Out of Bounds: Rise of the Machines - Laker Nation

Out of Bounds: Rise of the Machines

Out of Bounds with Jason Riley

Not the haunting loss in last years’ NBA Finals. Not a Christmas day rematch with the Boston Celtics. Not a regular season face-off between Kobe and Lebron. Not the continuance of a four-year losing streak at the Rose Garden. Not a pesky Utah Jazz team in the first round. Not even a clichéd Lebron James running over Kobe Bryant in the MVP race.

In the span of just a few minutes, a crazed Ron Artest and a flopping Luis Scola managed to do something that nothing else this season has been able to:

Inflame some passion in this Lakers team.

Game 2 was the basketball version of Braveheart. For most of this season, the Lakers have been the peaceful, family-friendly, say the right thing version of William Wallace. During the third quarter of last night’s clash at Staples Center, Luis Scola and Ron Artest bullied the Lakers family. And in an instant, the Lakers transformed into the wreak havoc on England, leave no-one alive version of William Wallace.

For eighty-eight games this season, the Lakers have been simmering on the stove of greatness. Last night, the Houston Rockets turned up the flame and ripped the knob right off the stove.

Lamar Odom, for maybe the first time ever, donned the “F-you” face. Luke Walton jumped to L.O.’s defense and had a few choice words for Scola. Derek Fisher, one of the nicest guys in NBA history, dropped a Van Damme elbow in the chest of Scola. And Kobe Bryant shrugged off Ron Artest with an elbow of his own, not to mention trash talking with Shane Battier during his metamorphoses back into retro-killer-Kobe.

A handful of technical’s, a pair of ejections and a flagrant foul later, the Lakers went on to win the most important game they’ve played thus far in the season; but they didn’t just win on the scoreboard. Last season, when KG, Perkins, Pierce and the rest of the Boston Celtics bullied these same Lakers’, they folded faster than Ryan Leaf’s career. During the second half last night, the Lakers showed a toughness that wasn’t present last season.

We have waited all season for what the Lakers showed in the 3rd quarter last night. Some will say the Lakers lost their composure, I say they finally found it. Most will say D-Fish took a cheap shot, and while it certainly was a flagrant, I say it changed the whole energy of this Lakers team. Some will say Kobe’s elbow was out of line, and while it’s arguable if that was a flagrant or not, I say it just gave Kobe a reason to demolish the Houston Rockets.

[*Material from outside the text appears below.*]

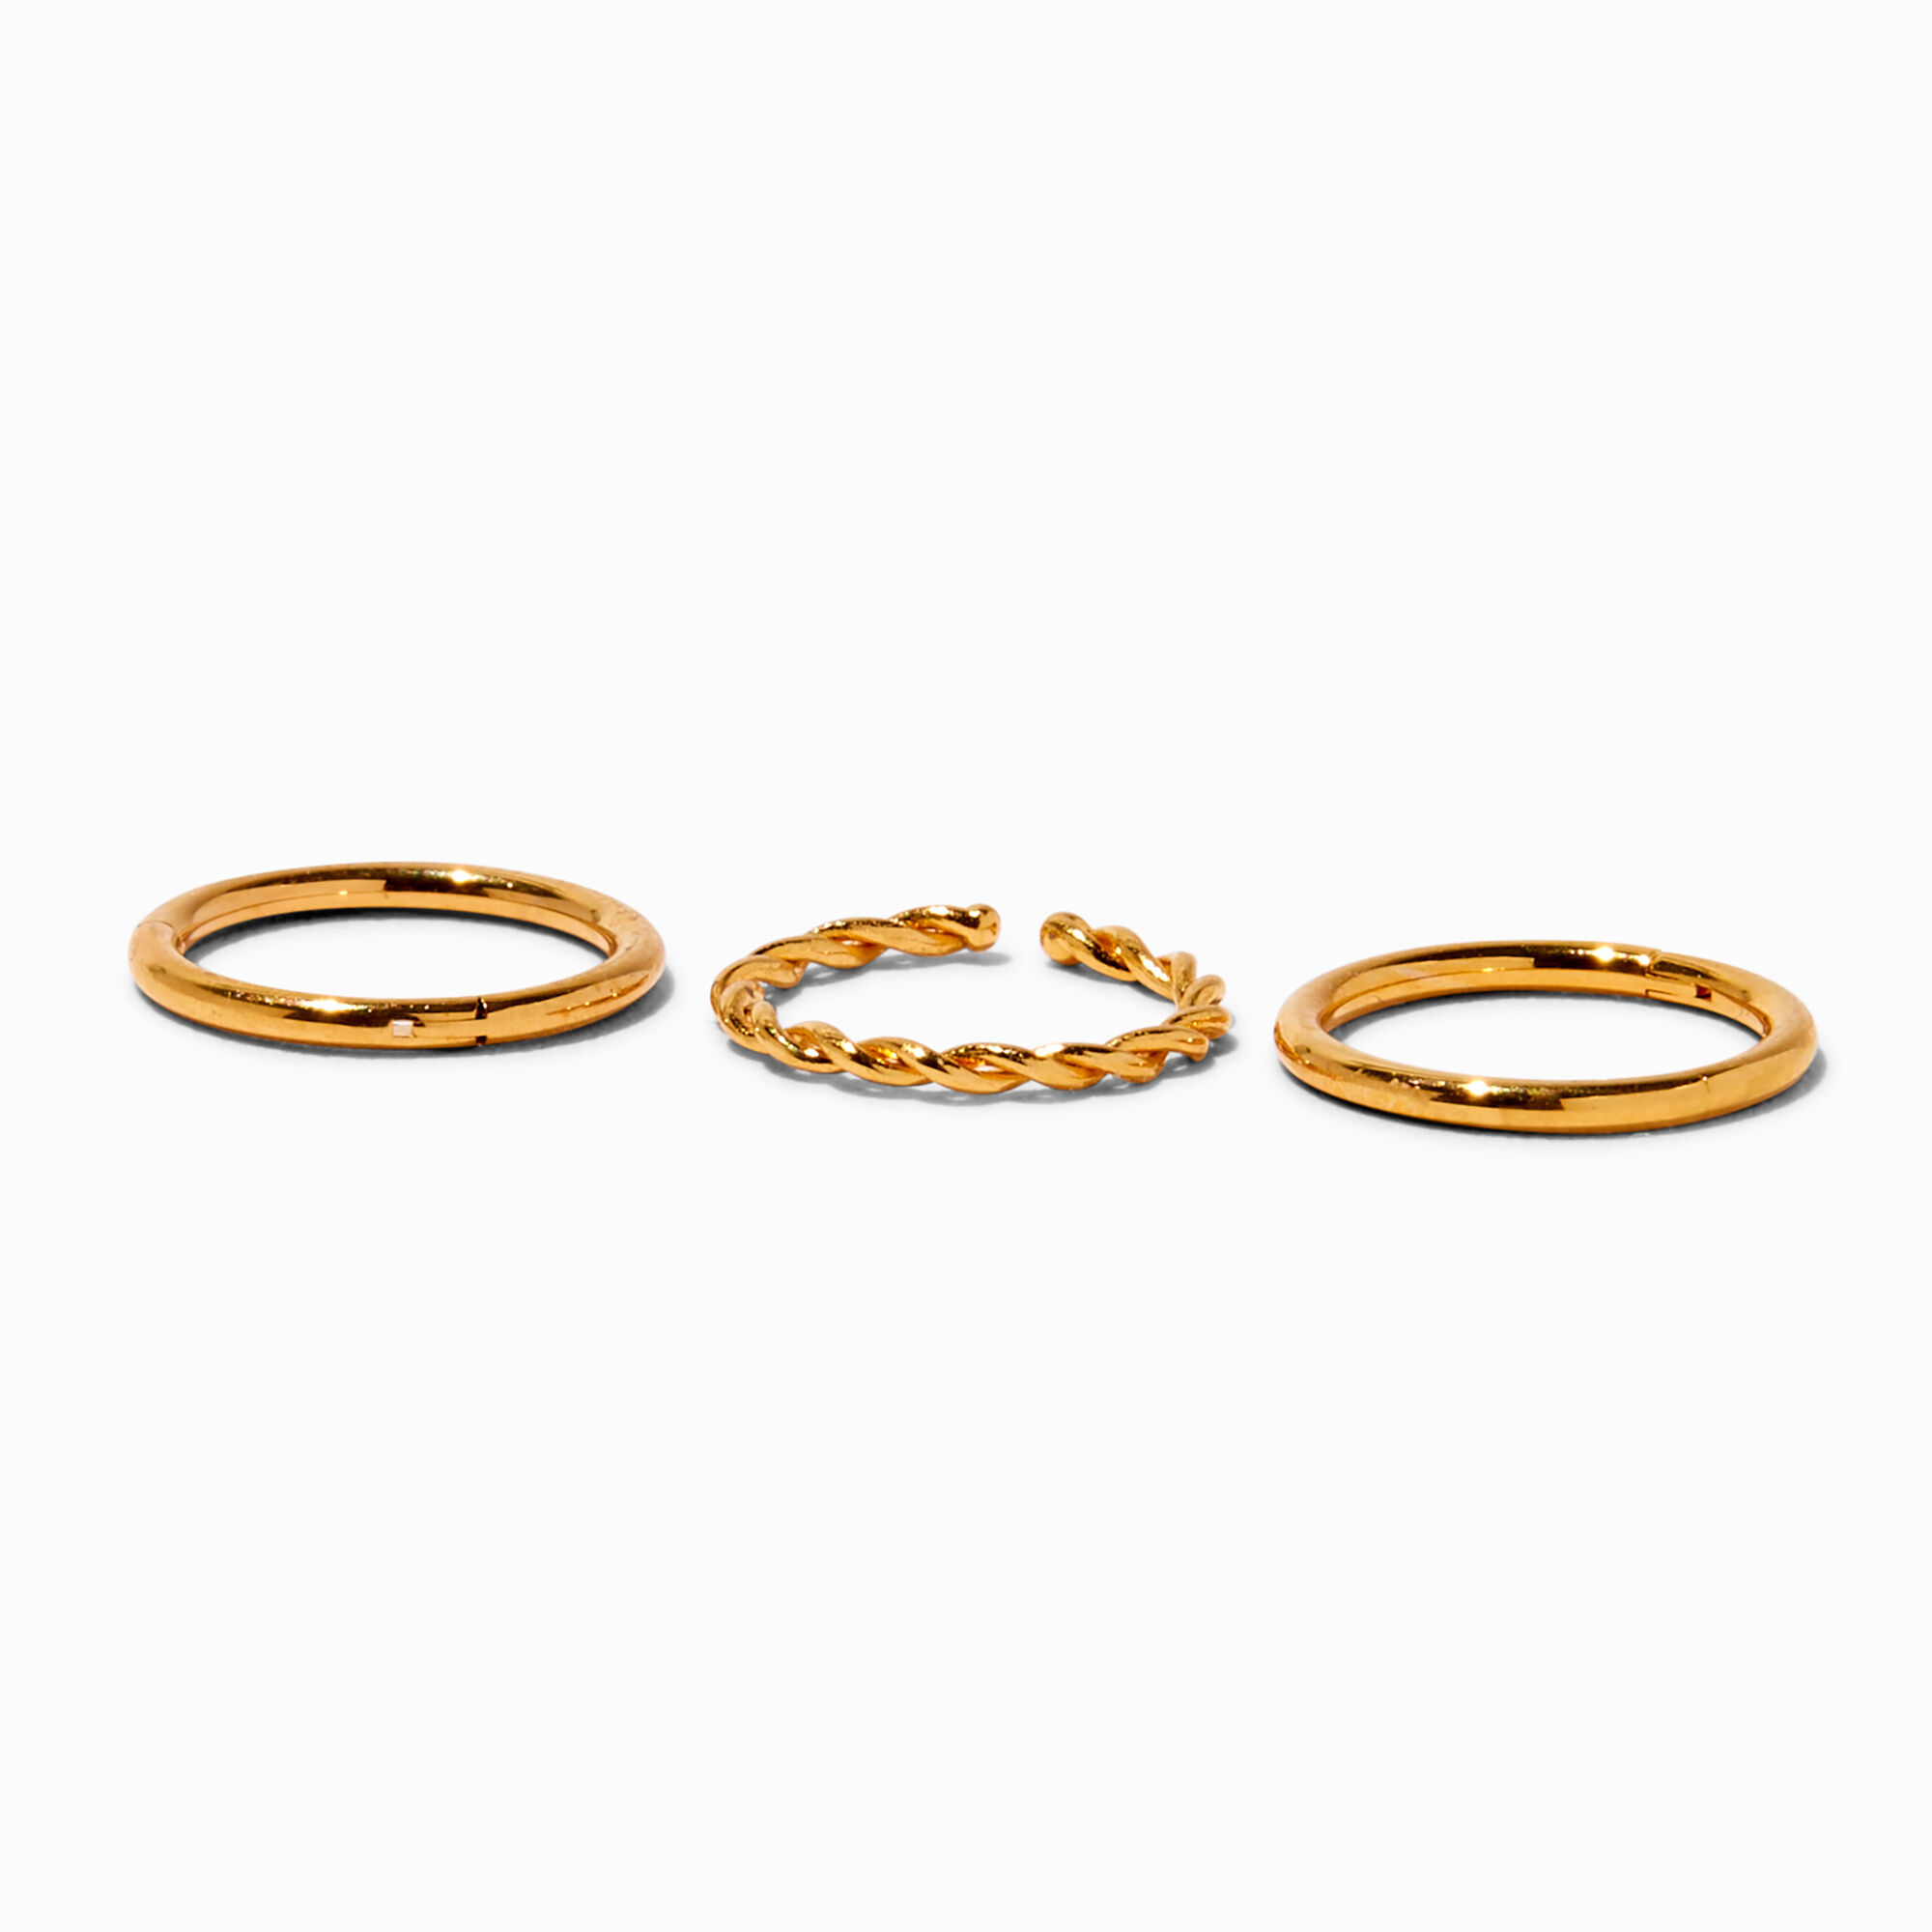 View Claires 18K Plated Titanium Braided Smooth 18G Nose Hoop Rings 3 Pack Gold information

For 24 minutes last night, the Lakers showed a certain passion that we have only seen in small doses this season. They were focused on wiping the floor with the Rockets, rather than on not blowing a big lead. They played with energy that we knew existed somewhere inside of them. The Staples Center crowd, for the first time since Christmas Day, put down their lattes and showed an invested interested in the game. And regardless of losing home-court with a game one loss, the momentum of this series has changed.

Even without Derek Fisher for game 3 on Friday, the Lakers will readily answer the only lingering question that really matters:

Was the second half of game 2 an aberration, or are those Lakers here to stay?

I can’t wait to find out.

Jason Riley is a columnist for the Lakers Nation. In addition to this column, he writes on an array of topics that you can check out by visiting J-Ri.com. You can email him by clicking here, or look him up on Facebook.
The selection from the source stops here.